DDS: DPU-optimized Disaggregated Storage [Extended Report]

Qizhen Zhang,Philip Bernstein,Badrish Chandramouli,Jiasheng Hu,Yiming Zheng
2024-08-28
Abstract:This extended report presents DDS, a novel disaggregated storage architecture enabled by emerging networking hardware, namely DPUs (Data Processing Units). DPUs can optimize the latency and CPU consumption of disaggregated storage servers. However, utilizing DPUs for DBMSs requires careful design of the network and storage paths and the interface exposed to the DBMS. To fully benefit from DPUs, DDS heavily uses DMA, zero-copy, and userspace I/O to minimize overhead when improving throughput. It also introduces an offload engine that eliminates host CPUs by executing client requests directly on the DPU. Adopting DDS' API requires minimal DBMS modification. Our experimental study and production system integration show promising results -- DDS achieves higher disaggregated storage throughput with an order of magnitude lower latency, and saves up to tens of CPU cores per storage server.

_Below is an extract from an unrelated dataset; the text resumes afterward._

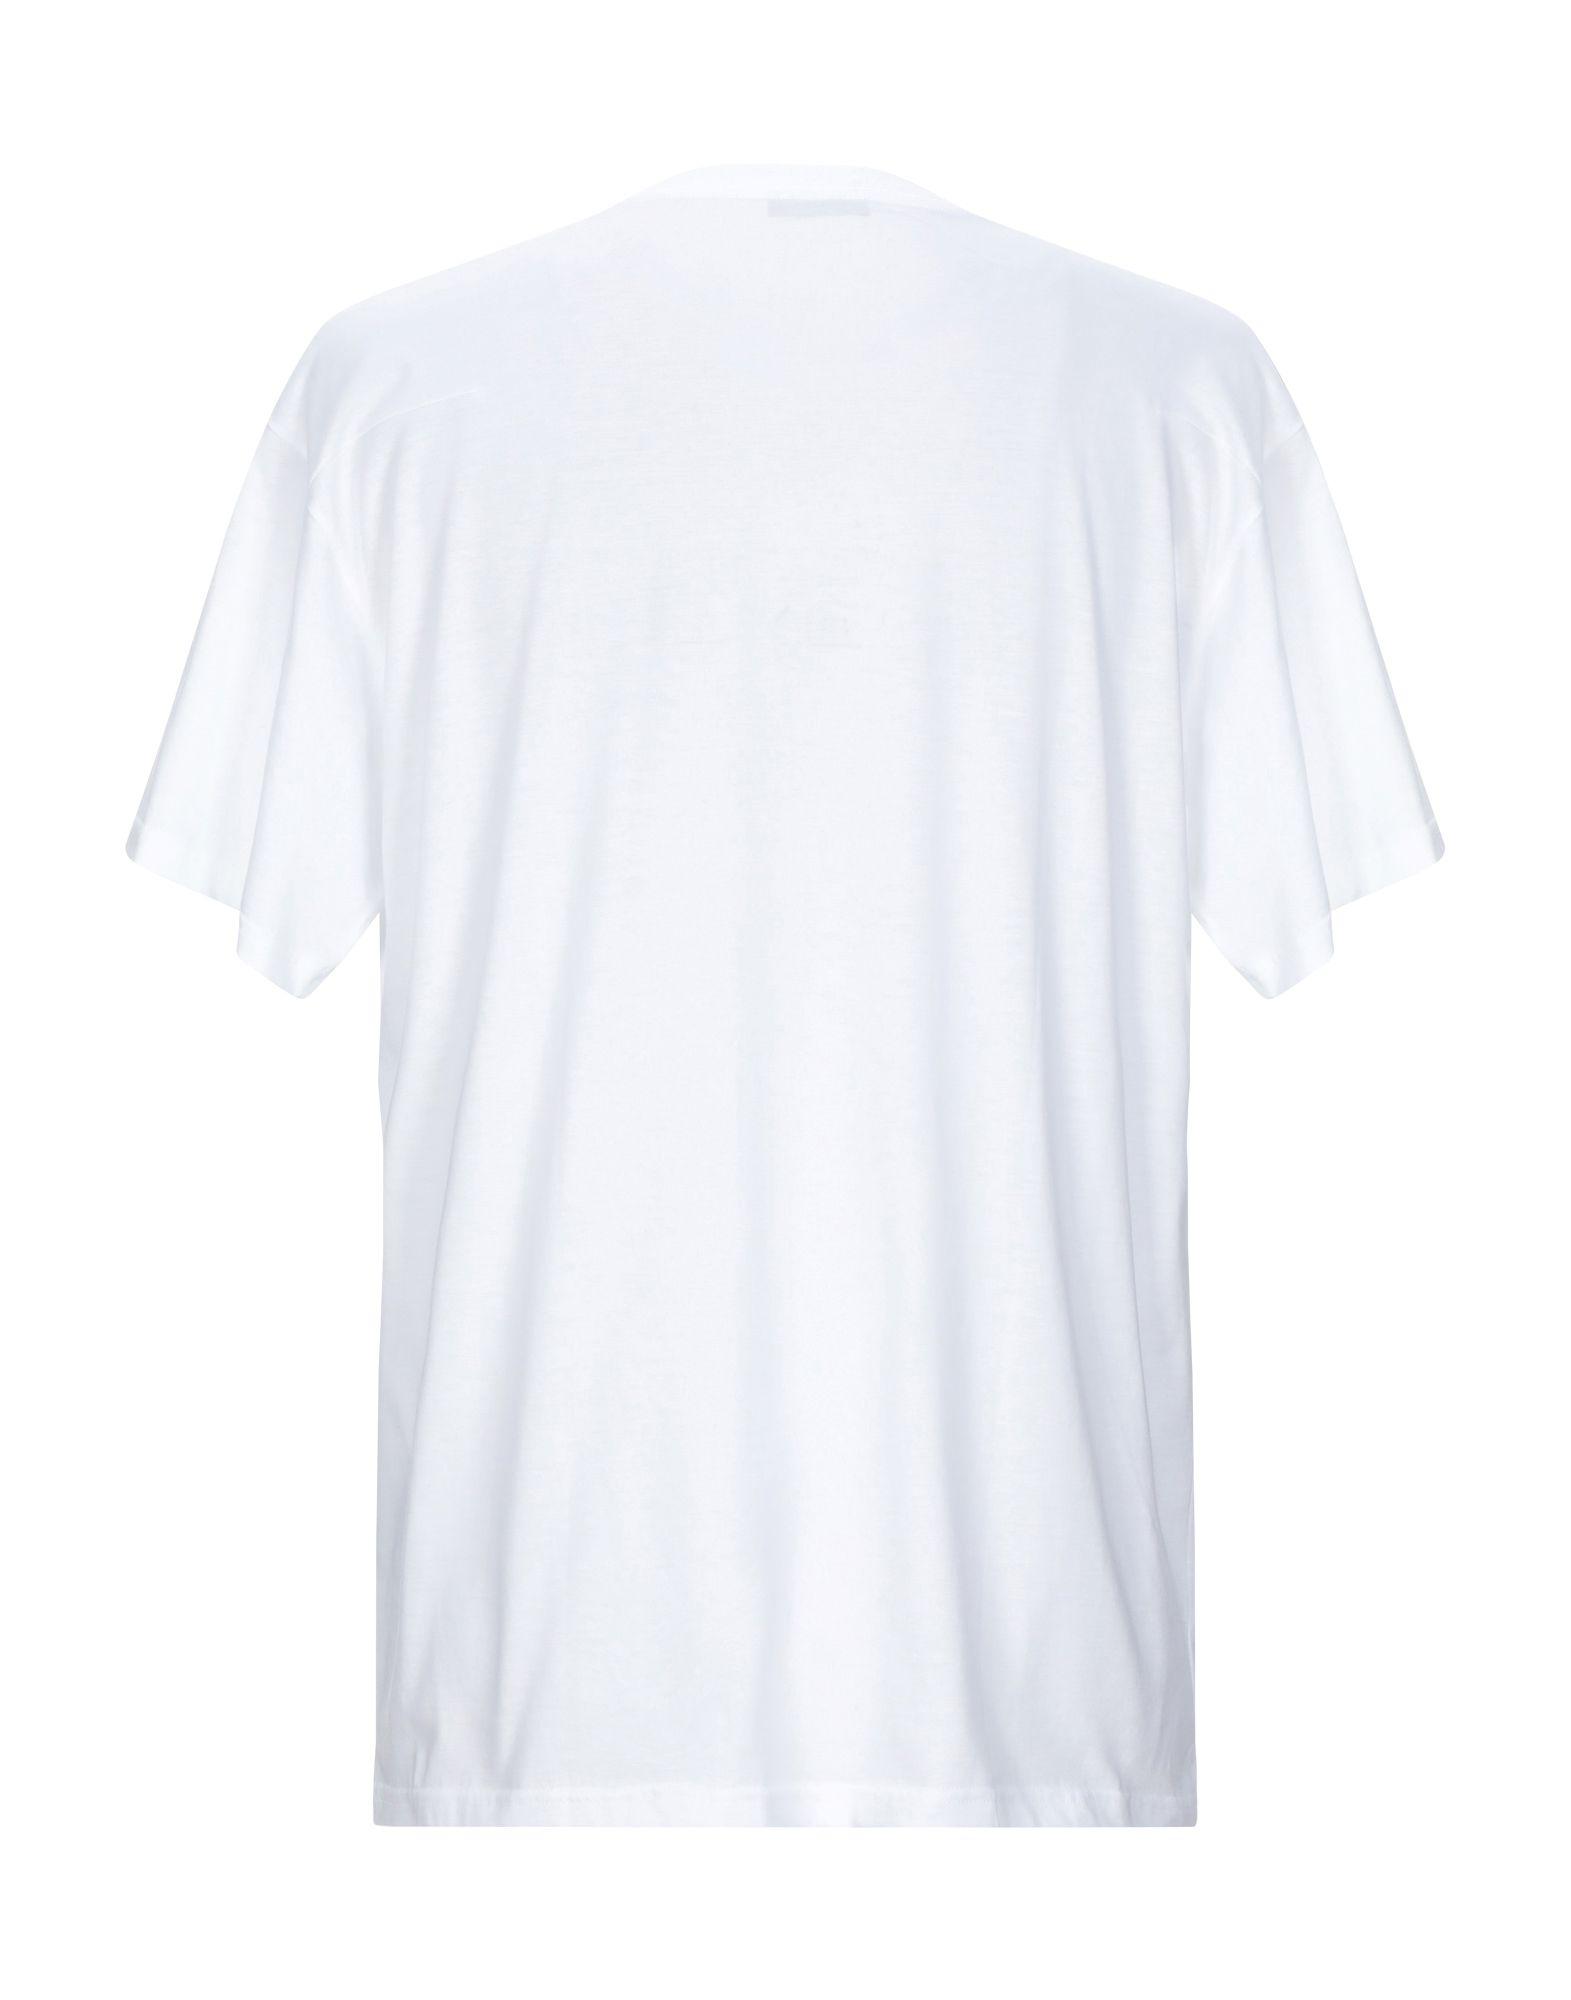 Dior Homme Cotton T-shirt in White for Men - Lyst

Distributed, Parallel, and Cluster Computing
What problem does this paper attempt to address?
The paper attempts to address the issues of high latency and high CPU consumption brought about by storage and compute separation (i.e., storage disaggregation) in cloud-native database systems (DBMSs). Specifically: 1. **High Latency Issue**: In the current storage disaggregation architecture, data requests need to be processed through multiple layers, including the network and file modules of the operating system kernel and the I/O stack within the database management system, leading to high request latency. 2. **High CPU Consumption Issue**: As storage bandwidth increases, the CPU resources required to handle these storage requests also increase, especially under workloads with frequent read operations, where CPU consumption is particularly significant. To address these issues, the paper proposes a new solution—DDS (DPU-optimized Disaggregated Storage), which leverages emerging network hardware—Data Processing Units (DPUs) to optimize the latency and CPU consumption of storage servers. DPUs can directly handle storage requests, reducing the burden on the host CPU, and minimize overhead through technologies such as DMA, zero-copy, and user-space I/O, thereby improving throughput. Additionally, DDS introduces an offload engine that can execute client requests directly on the DPU, eliminating the use of the host CPU. Experimental results show that DDS can achieve higher storage throughput at saturated I/O performance while reducing latency by an order of magnitude and saving dozens of CPU cores per storage server.